Now, years later, at the same Bazaar, my nieces and nephew grab their little baskets and stuff them with candy necklaces and caramel bull’s eyes and atomic fireballs, just as we did, and carry out their booty in the same white paper bags, while Shannon and I, much older now, relate this week’s tales of being mistaken for each other — she tells me how yet another person told her they loved her column, and I share all the times people have asked after “my” kids. And I think of my nieces having this same conversation on this same bench someday in the future, and how it will be absolutely the same and terrifically different for them in ways we cannot imagine.

Last night I watched the sun set in the west from Norton Point, just near the fragile isthmus that connects Chappy to Edgartown, and I thought about the breach, and how much change can take place in such a short period of time. Our Island grows and shrinks and erodes and rebuilds itself in ways we cannot explain, though some in certain professions deign to predict and prophesize about it, and just as our home changes around us, so do we change.

Here we are in the fall, and I have just made the switch from flip-flops earlier in the day to shearling boots, though yesterday I floated in the harbor, and perhaps I will again tomorrow. It is a time of year of beginnings and endings, great commencements and fond farewells. And the time has come for me to bid you all adieu.

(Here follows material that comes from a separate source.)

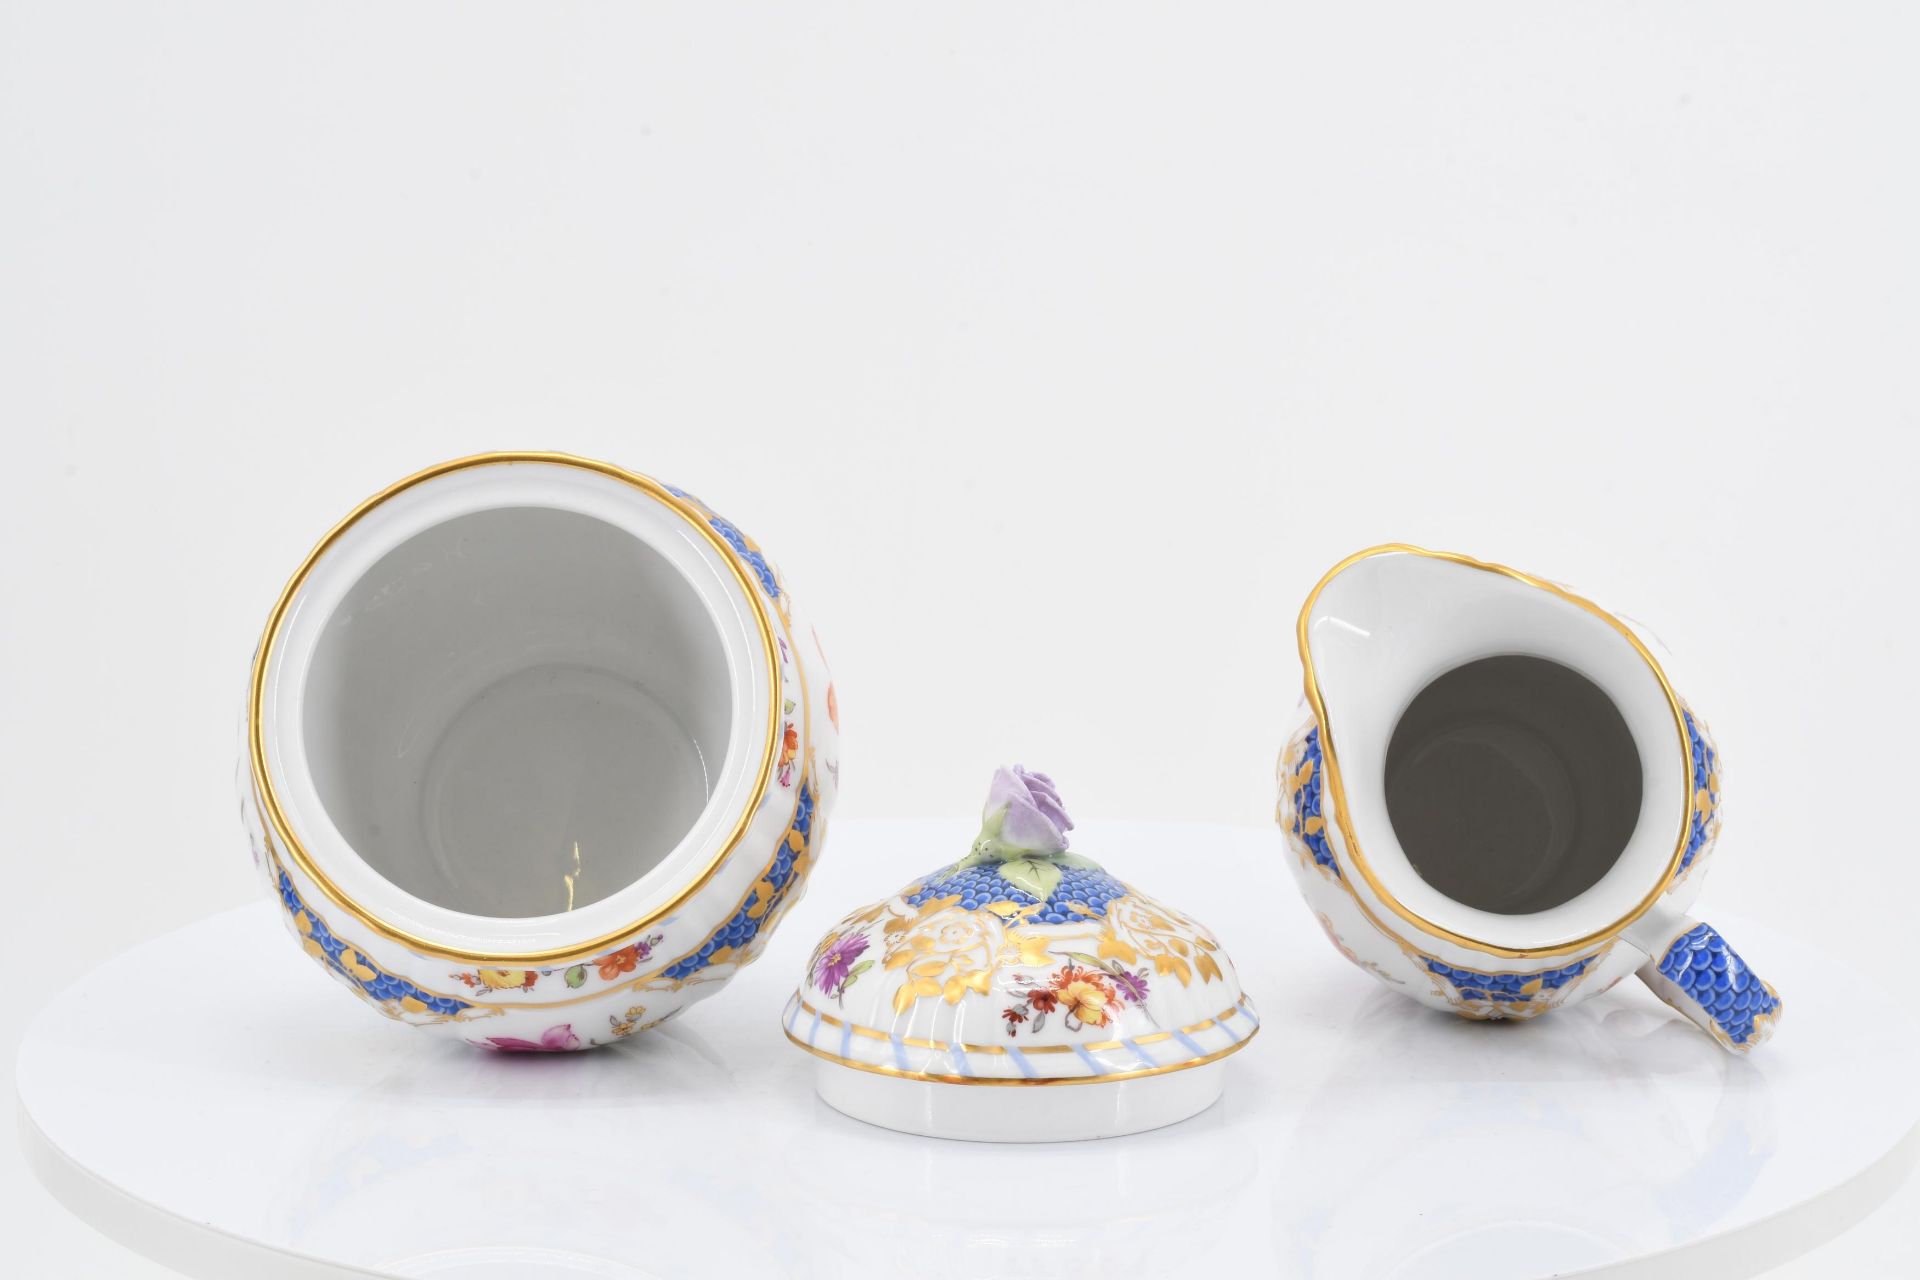 Coffee service 'Breslauer Stadtschloss' for 6 persons - Image 13 of 27

This is my final column, and I must express my gratitude for the past five years of you all including me in your lives — births, and lost teeth, and weddings, and owl sightings, and vacations, graduations, milestones, and of course, birthdays. And thank you for humoring me as I regaled you with often verbose recollections of my own. Good luck with all your future endeavors, and whatever you do, watch out for that poo.